The Finance Ministry accountant general reported on Thursday that the tax take for last month reached 22 billion shekels ($5.7 billion), a 9.8% increase from a year earlier. The figure brought collections for the first half of the year to 142.3 billion shekels, a 6.4% year-on-year increase.
With government spending also running mostly under projections, the budget deficit in the 12 months through June was just 2.1% of gross domestic products, well under the 2.9% that the budget sets as a ceiling for all of 2016, the Finance Ministry said.
Treasury economists now believe that tax collections will reach somewhere between 284 billion and 288 billion shekels for all of this year. They have already adjusted their projections upward since the budget was originally passed, but the latest forecast for collections of 277.9 billion shekels will be surpassed by a wide margin.
The surfeit of money flowing into government coffers come as the treasury grapples with a two-year budget to cover the years 2017 and 2018. Officials believe that based on spending rules that determine how big the deficit can be and how much expenses can grow in a year, the government faces a shortfall of 15 billion shekels.
Under the law, the deficit is supposed to be no more than 2.5% of gross domestic product in 2017 and fall to 2.25% in 2018, targets Finance Minister Moshe Kahlon, with the backing of Prime Minister Benjamin Netanyahu, wants to raise to 2.8% in 2017 and 2.5% in 2018 while keeping the targeted rise in spending to 2.7%.
One way to do that is to count on a 6 billion-shekel increase in tax revenues, based on projections for high levels of collections rather than tax hikes, which both men oppose.
However, economists have been downgrading the outlook for the Israeli economy.

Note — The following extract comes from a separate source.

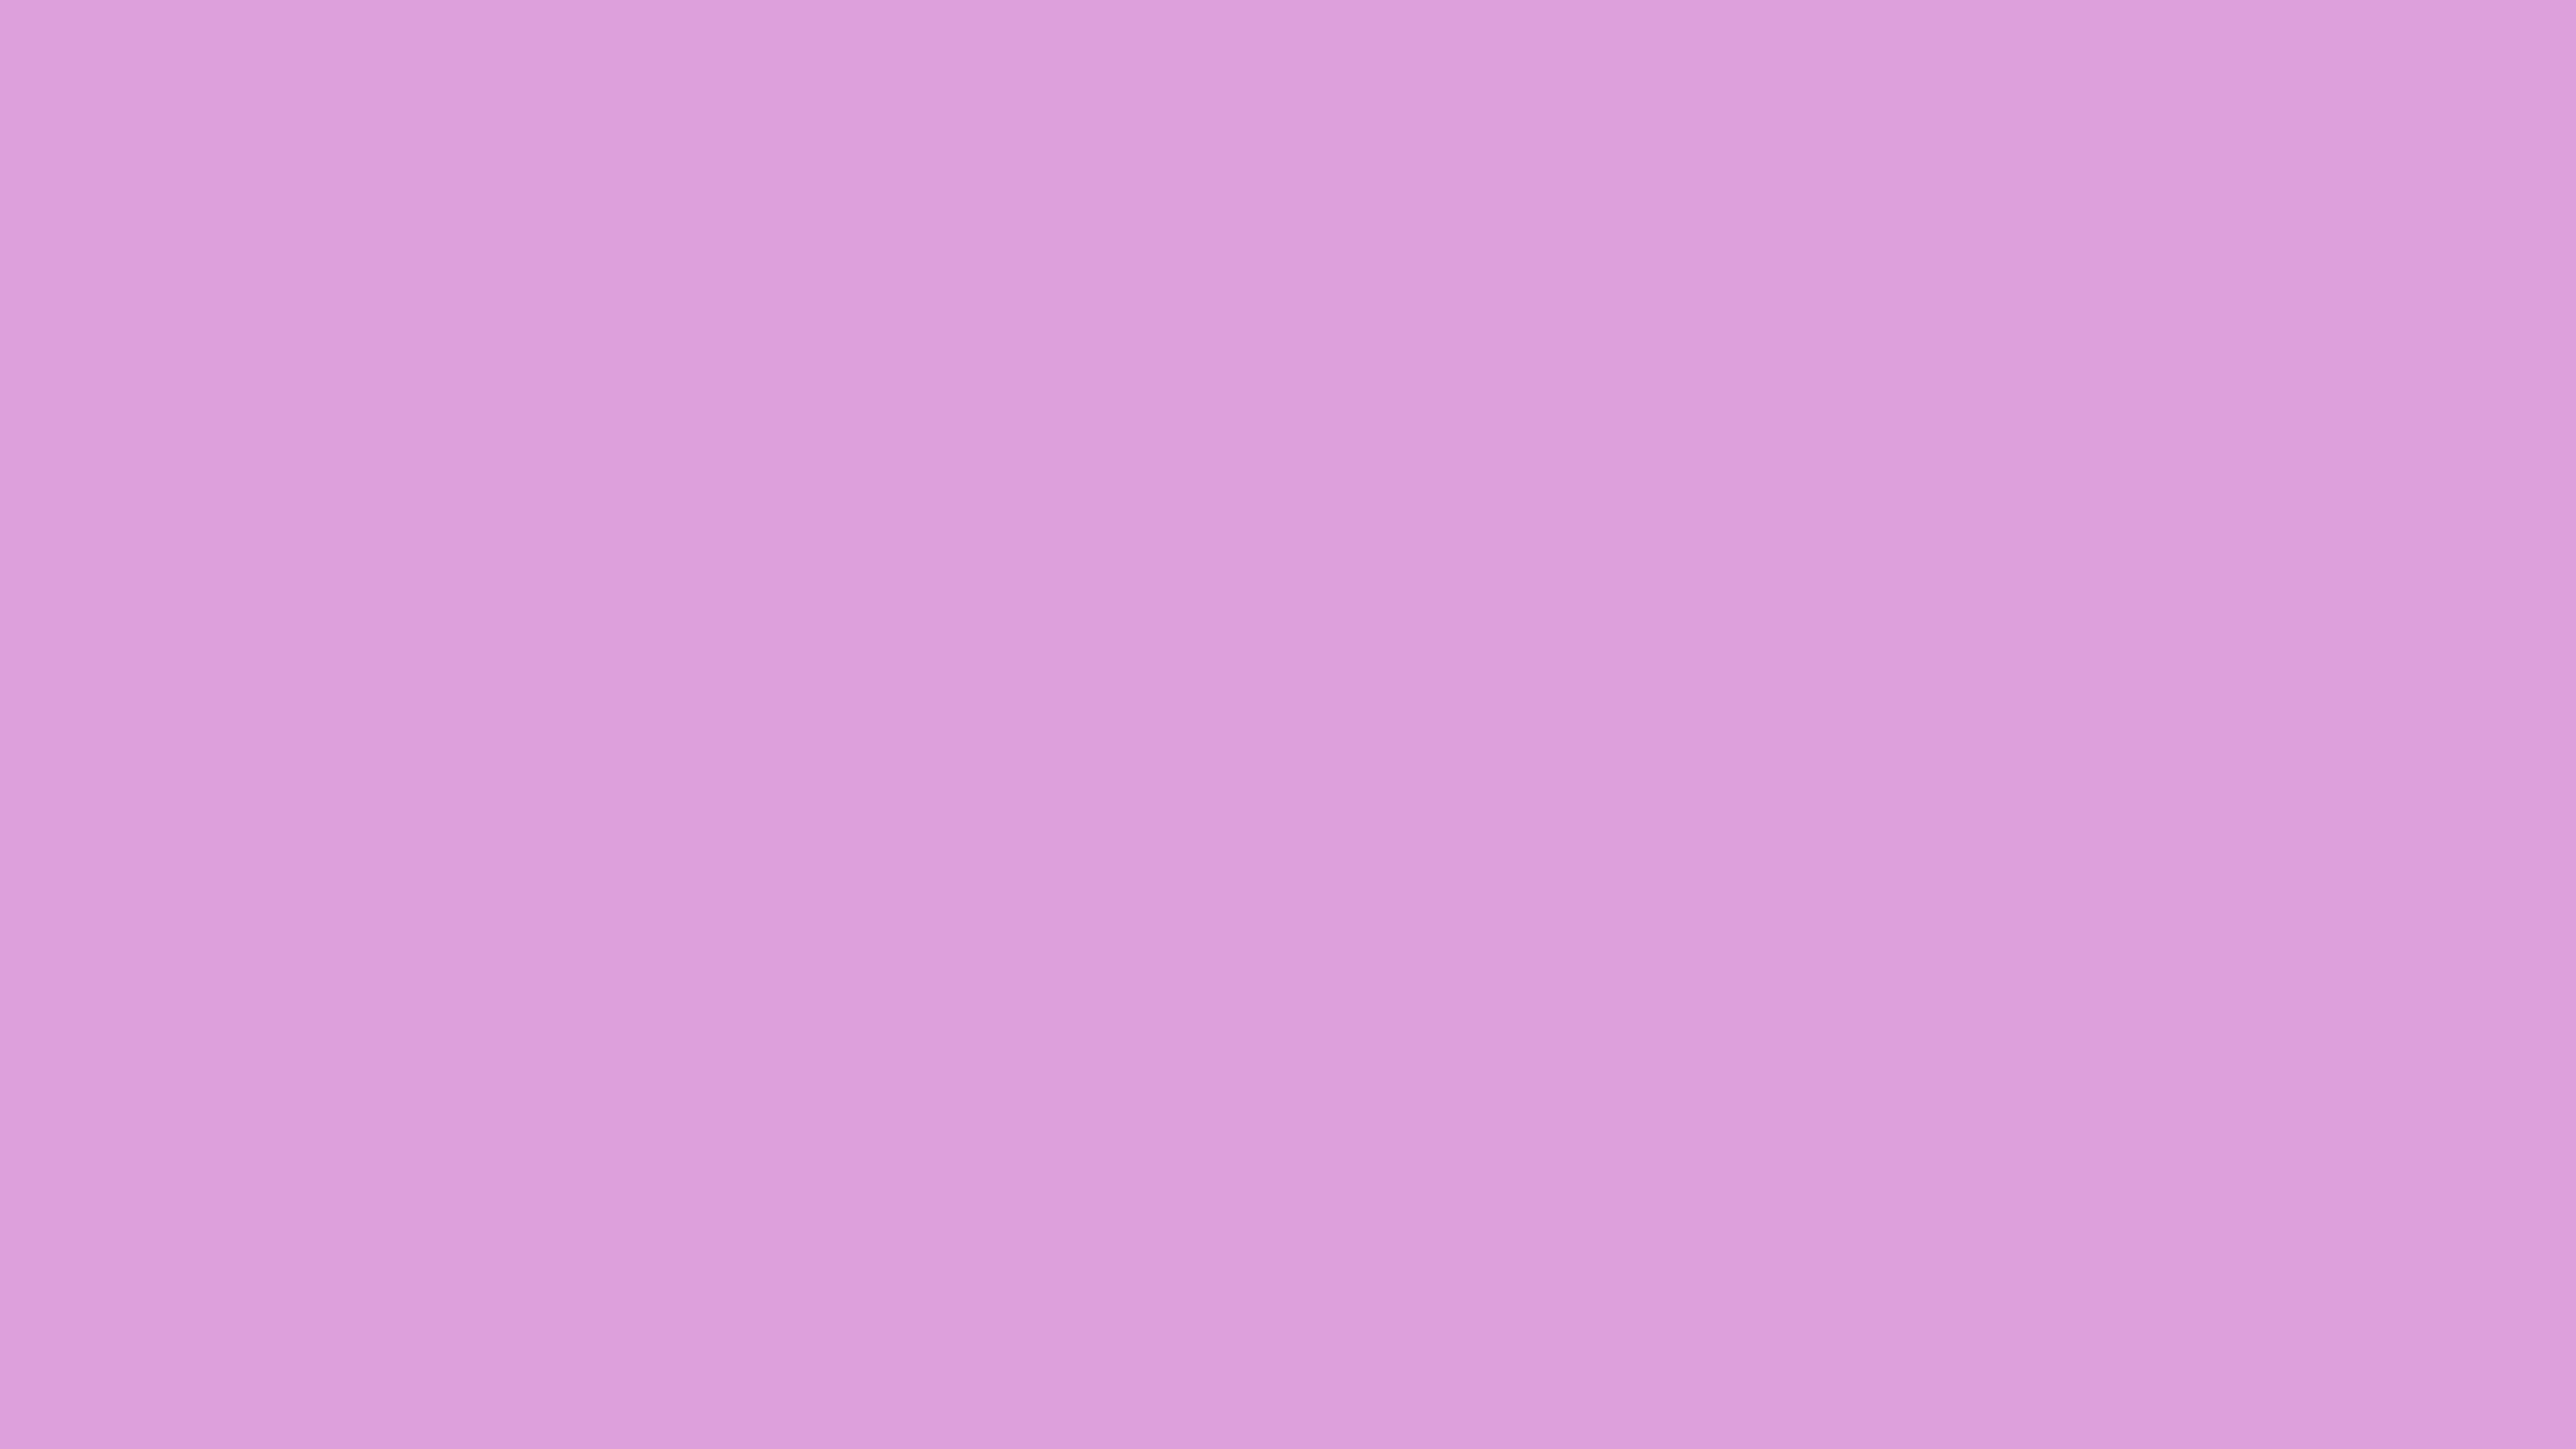 4096x2304 Plum Web Solid Color Background

This week Bank of America Merrill Lynch, for instance, cut its 2016 forecast to 2.4% from 2.7% and its 2017 forecast to 2.8% in 2017 from 3.1%, citing increasing risks to global growth and Israel’s weak first quarter growth figures.

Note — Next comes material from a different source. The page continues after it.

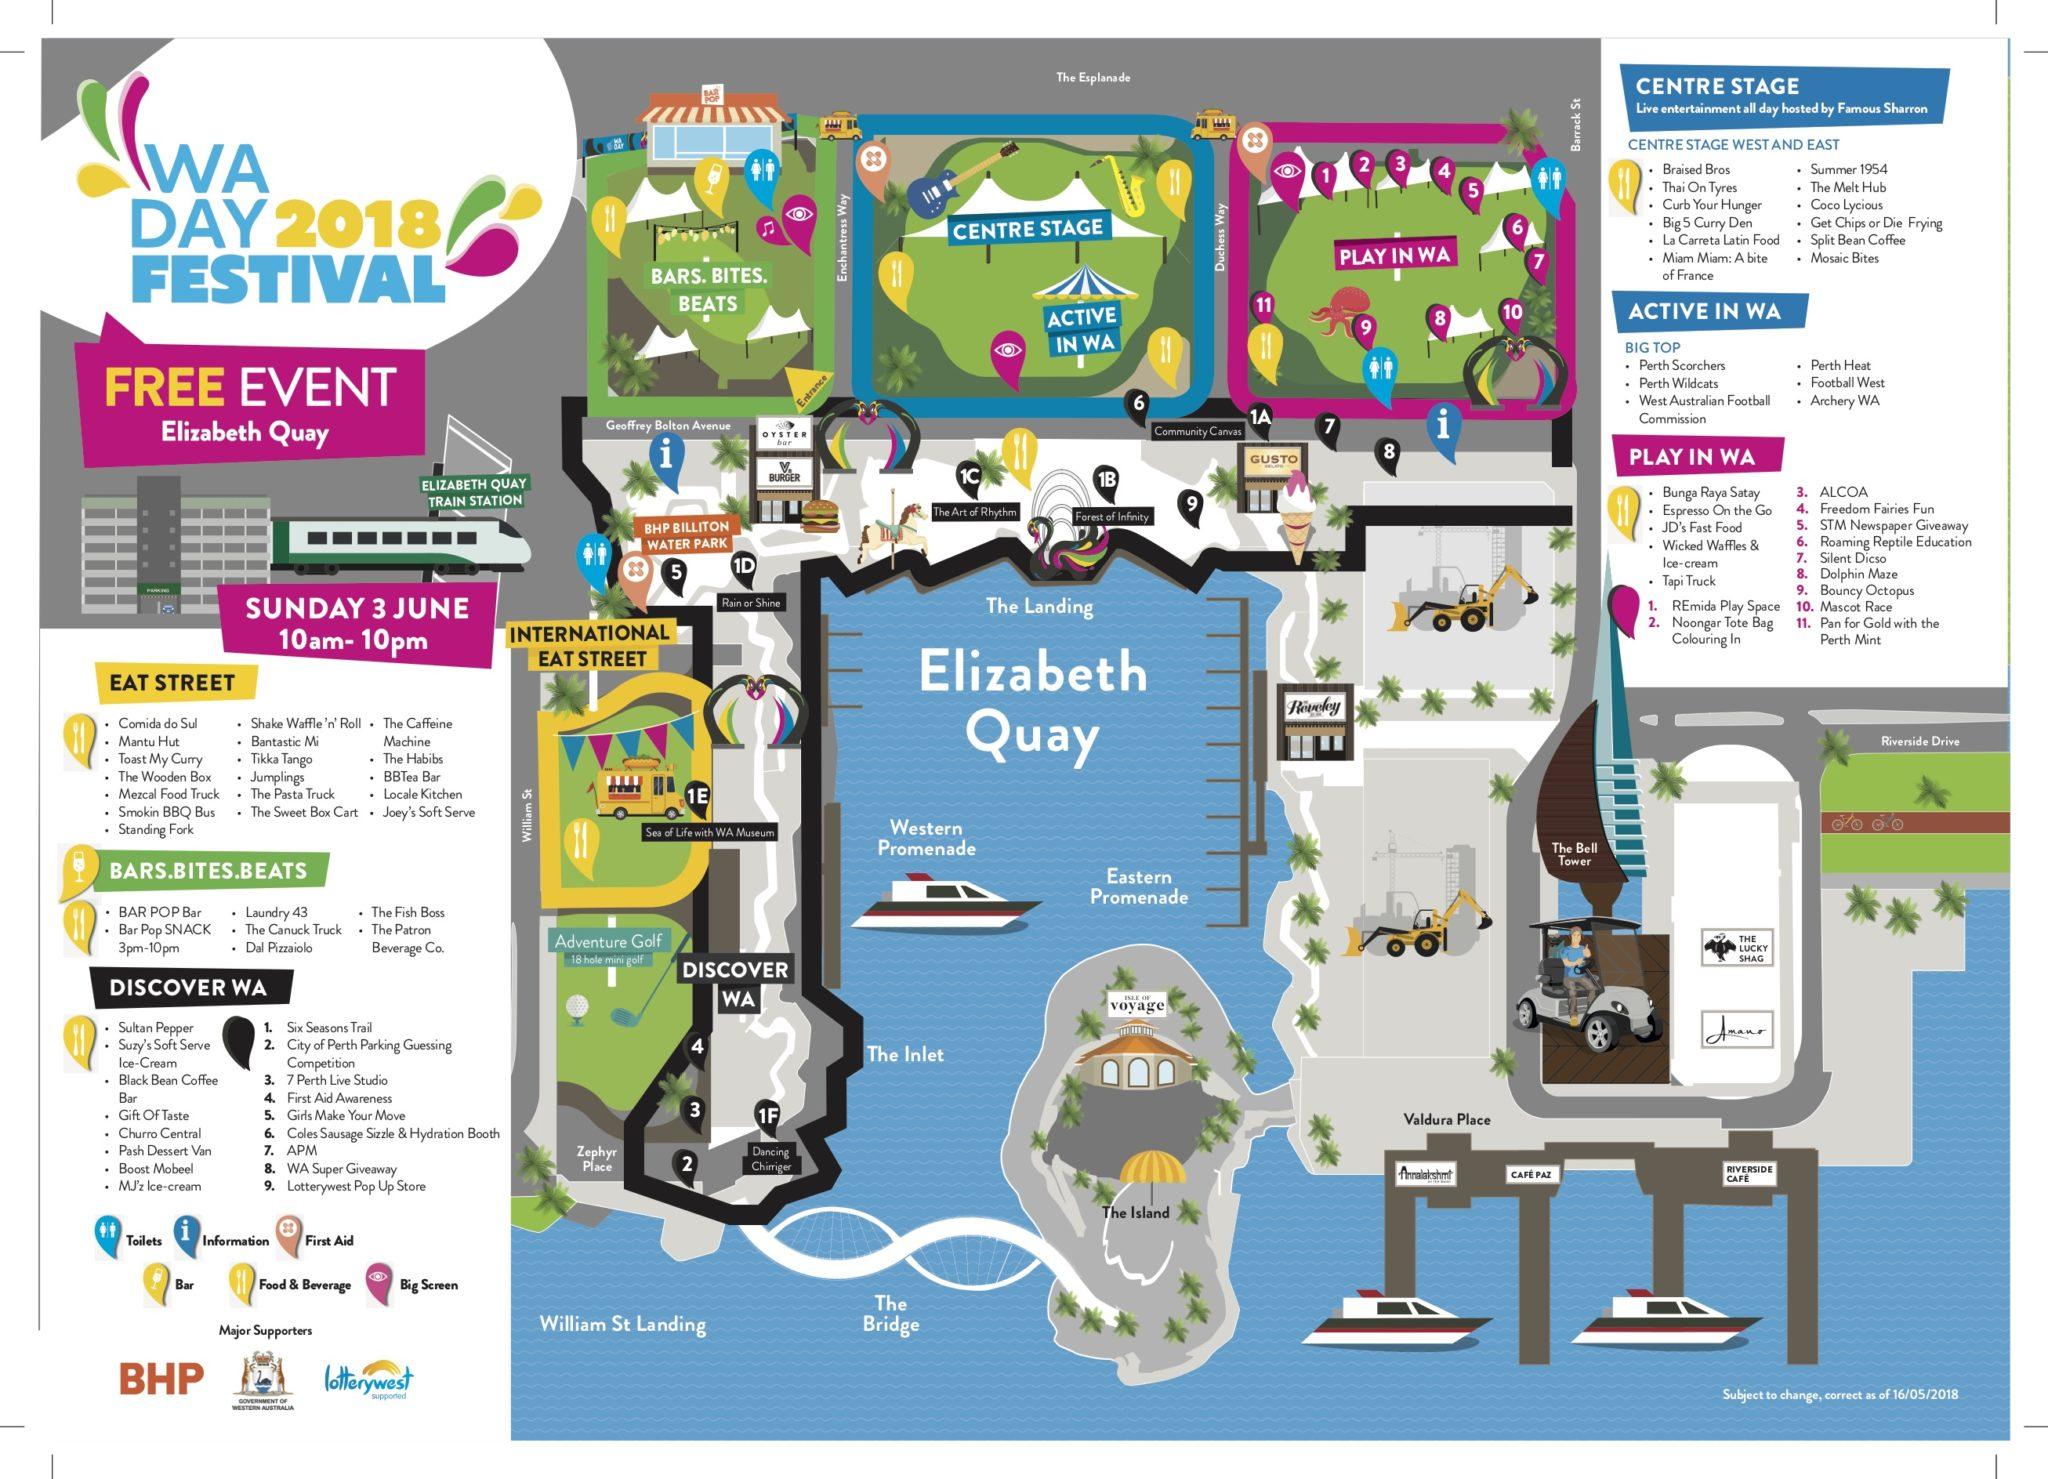 2018-WA-Day-Festival-Map-Elizabeth-Quay-FINAL-APPROVED

In June, the government ran up its biggest monthly budget deficit of the year of 4.1 billion shekels, but that was mainly due to one-time vacation payments to civil servants. In the first half of the year, the deficit was just 3.4 billion shekels, thanks to two surplus months, down from 3.8 billion the same time in 2015, the treasury said.
Tax collections in the first half of the year exceeded the forecast by 4 billion, it said. One reason was a sharp 40% increase in car imports in the second quarter to 79,000 vehicles on which the state collects steep import taxes.
Nevertheless, Finance Ministry figures showed that the biggest rises were in direct taxes, mainly personal and corporate incomes taxes, which climbed 7.3% in the first half to 73.3 billion shekels. Indirect taxes, which include customs revenues, rose just 5% to 65.4 billion shekels.